Et en une petite centaine de pages, encore ? Précisément : ce n’est pas, on s’en doute, qu’il y eût peu à dire sur Henri Tomasi, mais qu’il faut, dès l’abord, lire la brièveté de cette biographie comme une première délicatesse. Ce livre, cette vie d’Henri Tomasi, dit surtout qu’un livre ne saurait être une vie ; que si Claude, ici, évoque, convoque, voire provoque Henri, qu’il l’appelle, le rappelle, se rappelle, nous le rappelle, Henri n’est pas dans le livre, il n’y est pas enfermé, que c’est par ses blancs autant que par ses lignes écrites, d’ailleurs douces, amoureuses, attentives à l’extrême, que Claude Tomasi nous fait entendre Henri Tomasi , et que celui-ci a pesé de tout son poids de vivant sur notre terre. Que “graphie” ici est moins que “bio”, et que jamais le fils ne sera quitte de tout ce qu’a donné le père.

C’est, semble dire le livre sans cesse, qu’il existe une autre biographie d’Henri Tomasi, plus “juste”, sans doute, que celle-ci, et qui est la musique d’Henri Tomasi. Et que c’est comme l’on voit encore la lumière d’une étoile depuis longtemps disparue qu’il nous faut entendre la musique de cet homme qui n’est plus : elle est, ce qui, de sa vie, s’est écrit.

Pourtant, on entend bien une voix dans cet écrit, et qui enchante… Est-ce Claude Tomasi, dans ce livre, qui, à l’écoute d’Henri Tomasi, a fait de sa vie une musique, ou bien, la musique qui, pour Henri Tomasi, était déjà l’écume d’une vie, la sienne. Quoi qu’il en soit, le livre s’écoute plus qu’il ne se lit.

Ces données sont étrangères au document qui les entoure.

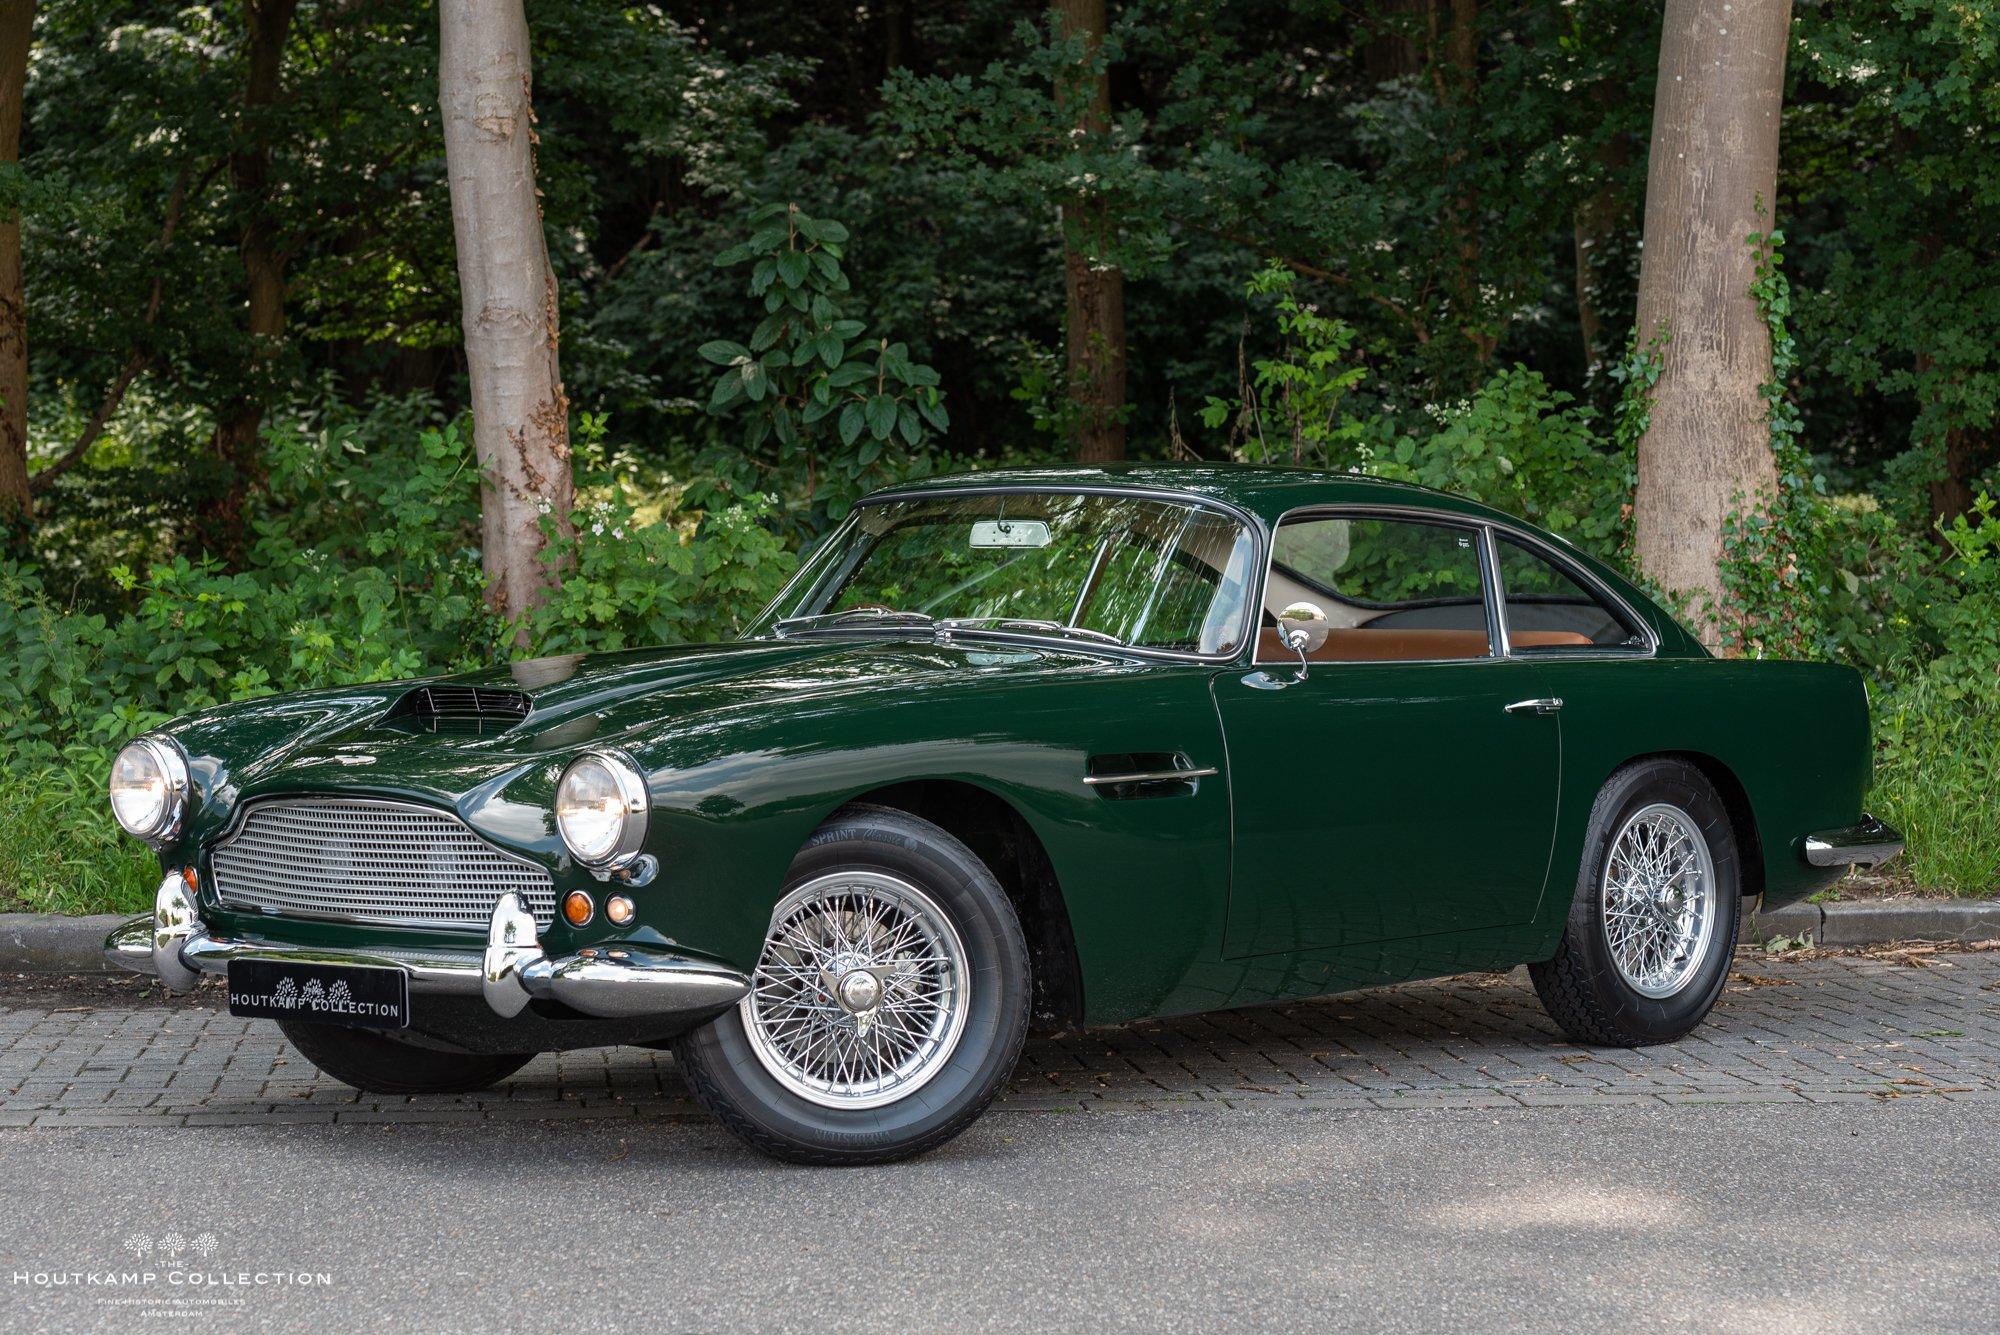 1959 Aston Martin Db4 The 51st Db4 Produced Oldtimer Zu Verkaufen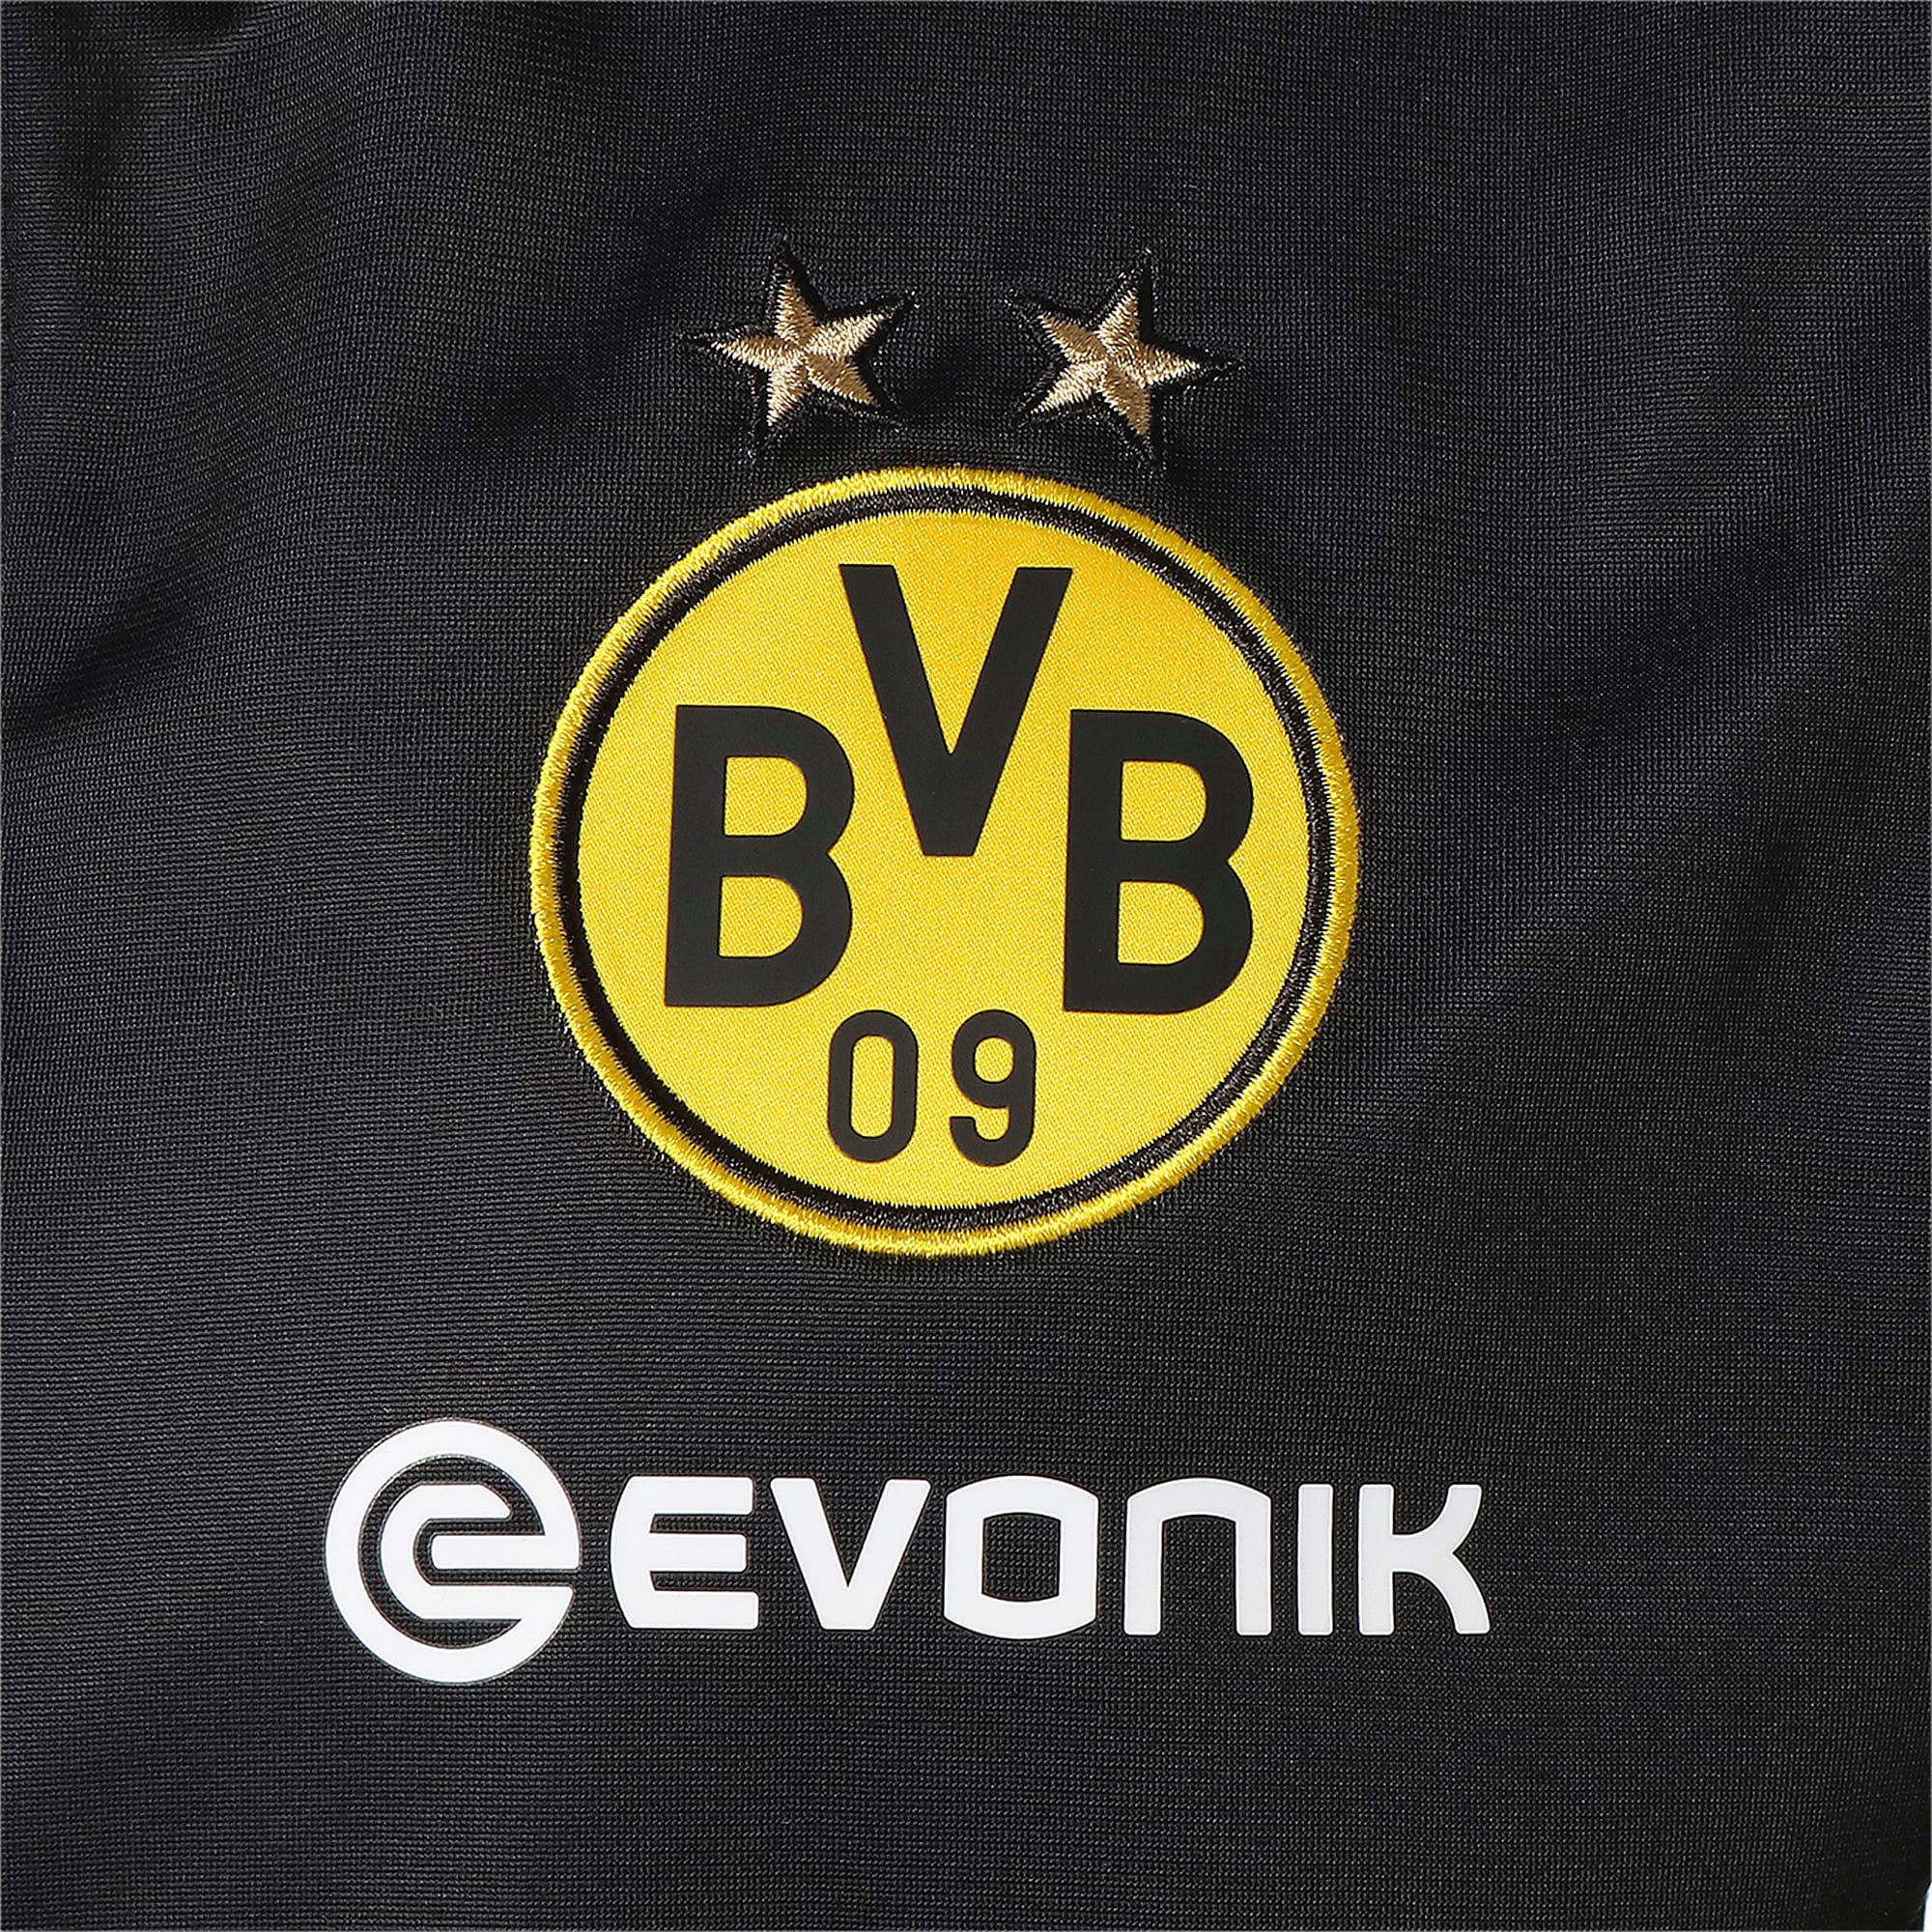 Thumbnail 8 of ドルトムント BVB INT スタジアム ジャケット, Puma Black-Cyber Yellow, medium-JPN

Juste retour des choses : la musique que fit celui qui fut cette voix est, aura toujours été, une musique qui écoute. Oui : parce qu’Henri Tomasi fut un homme préoccupé du monde, un véritable messager d’humanité, et qu’en lui éthique et musique se traduisaient sans relâche dans la langue l’une de l’autre, sa musique, ouverte et savante à la fois, nous fait entendre que toute musique est d’abord écoute de l’autre. Elle semble non pas plénitude, non pas massivité, non pas autorité, fussent-elles sublimes, mais le bruissement harmonieux que ferait notre propre écoute à venir, notre écoute de quelque chose d’autre qu’elle, et que nous. C’est une musique qui nous rend les origines.

Pour avoir été le récitant de Tipasa, texte d’Albert Camus, je puis dire mon émotion lorsque j’entendis pour la première fois l’orchestre de Philippe Bender jouer du Tomasi : une pluie d’avant la pluie, une mer d’avant la mer, une montagne d’avant la montagne étaient là, à portée d’oreille. Et tout cela, non pas illustrait, mais écoutait Camus, son texte, ses idées. C’est qu’Henri Tomasi était un passeur, et sa musique est une traduction : celle, en une langue d’avant les langues, de ce que nous avions toujours pris pour du silence, et du tu.

La musique d’Henri Tomasi est encore inouïe.

Il était peut-être écrit sur les portées de son destin que son écriture musicale ne serait pas reconnue, aujourd’hui encore, comme elle devrait. Mais, grâce à ce petit grand livre, on entend déjà au loin, à travers les doutes, les colères, les amours de l’homme, son génie. Cela aussi est écrit.